Cuando volvió a Brokilón después de doce días, el brujo ya andaba. Cojeaba ligeramente y contraía algo la cadera, pero andaba. Milva no se asombró, sabía de las prodigiosas propiedades medicinales de las aguas del bosque y de la hierba llamada conynhael. Conocía también la destreza de Aglaïs, más de una vez había sido testigo del restablecimiento repentino de alguna dría­da herida. Y las historias acerca de la increíble resistencia y el aguante de los brujos tampoco, por lo visto, se las habían sacado de la manga.

No se acercó a Col Serrai nada más llegar, aunque las dríadas le recor­daron que Gwynbleidd aguardaba impaciente su regreso. Se demoró a sabiendas, seguía sin estar conforme con la misión que se le había enco­mendado y quería demostrarlo. Condujo al campamento a unos elfos del comando de Ardillas que traía. Relató dilatadamente las peripecias del camino, previno a las dríadas acerca de un bloqueo del Cintillas que esta­ban preparando los humanos. Sólo cuando la reconvinieron por tercera vez, Milva tomó un baño, se cambió y se fue a ver al brujo.

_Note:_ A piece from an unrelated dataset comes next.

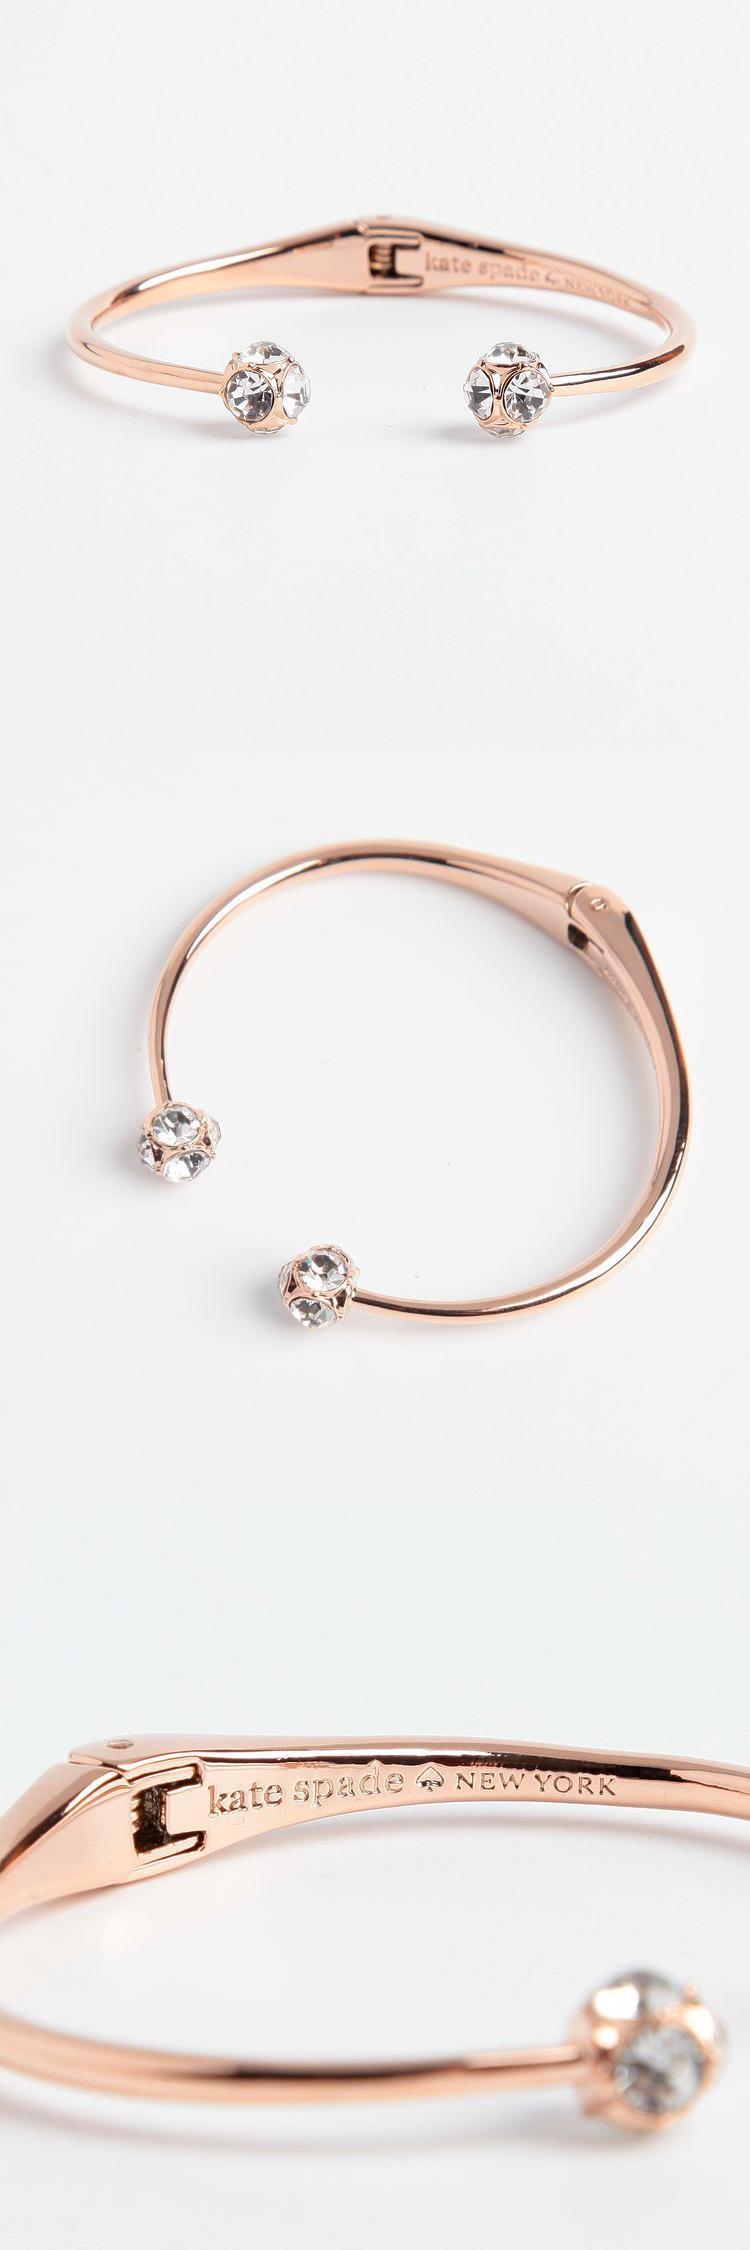 Bracelets 50637 Kate Spade Rose Gold Crystal Hinged Bangle Cuff Bracelet New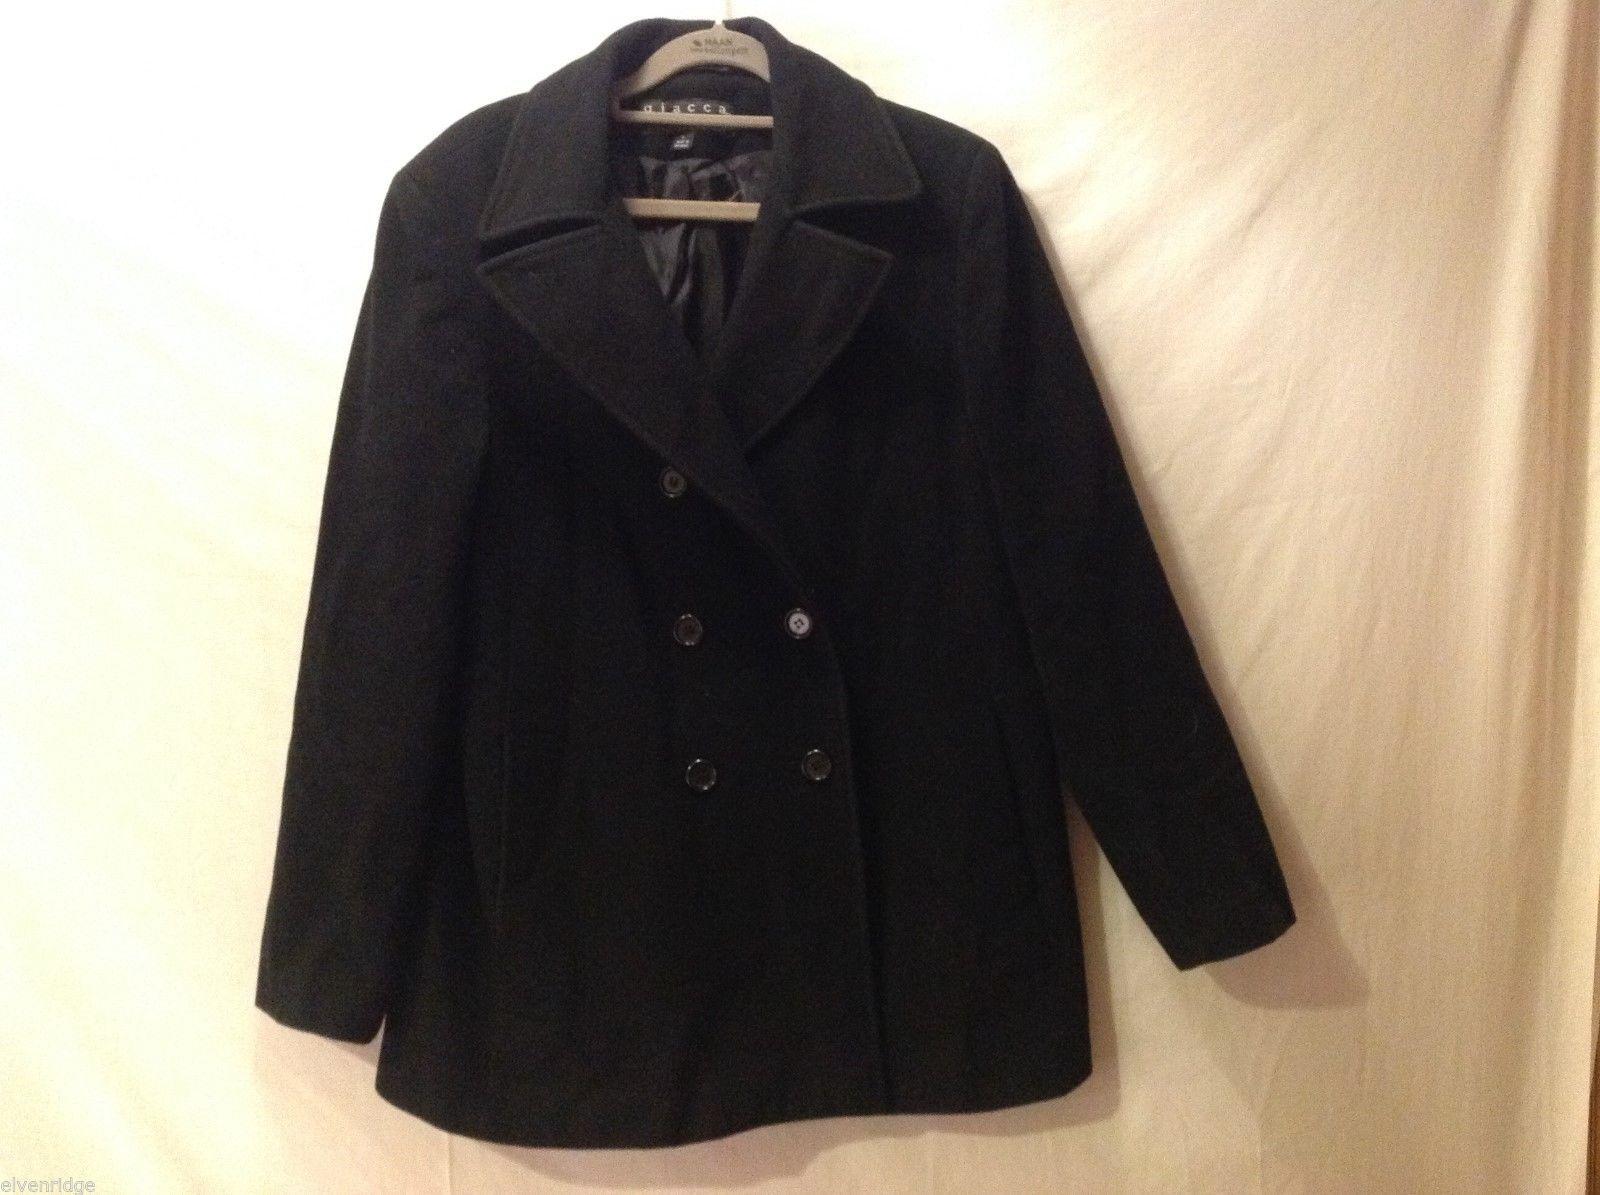 Giacca Women's Black Winter Coat, Size Large

La esperaba en los límites del campo, allí donde crecían los cedros. Paseaba, de cuando en cuando se sentaba, se enderezaba tensándose. Se veía que Aglaïs le había recomendado hacer ejercicio.

—¿Qué nuevas? —preguntó después de saludar. La frialdad de su voz no la engañaba.

—Creo que ya la guerra alcanza su final —respondió, encogiéndose de hombros—. Nilfgaard, dicen, conquistó media Lyria y Aedirn. Verden rindiose, y el rey de Temería compúsoselas con el emperador de Nilfgaard. Los elfos del Valle de las Flores fundaron un reino propio. No obstante, los Scoia'tael de Temería y Redania allá no acudieron. Siguen luchando...

—No es eso lo que me importa.

—¿No?—Ella afectó sorpresa—. Ah, ciertamente. Páseme por Dorian, como pidieras, aunque buena porción de camino hubo que hacer de más. Y aquellas trochas no son seguras...

Se detuvo, se desperezó. Esta vez él no la apremió.

—¿Acaso el tal Codringher —preguntó por fin—, al que me mandaste visitar, era un tu amigo?

El rostro del brujo no tembló, pero Milva vio que había comprendido al instante.

—No. No lo era.

—Eso es bueno —continuó, deprisa—. Puesto que ya no se cuenta en­tre los vivos. Quemose junto con su local, quedó apenas la chimenea y media pared de la fachada. Todo Dorian hierve de rumores diversos. Unos comentan que el tal Codringher practicaba la nigromancia y que cocía una ponzoña, que tenía un pacto con el diablo, así que el fuego diabólico lo devoró. Otros dicen que metió la nariz y los dedos en donde no debía, como era su costumbre. Y a alguno esto no le vino en gusto, así que lo apioló co­múnmente y prendió fuego para cubrir las huellas. Y tú, ¿qué piensas?

No esperó ni a la respuesta ni a las emociones en el rostro grisáceo. Continuó pues, sin renunciar a su tono de rabia y arrogancia.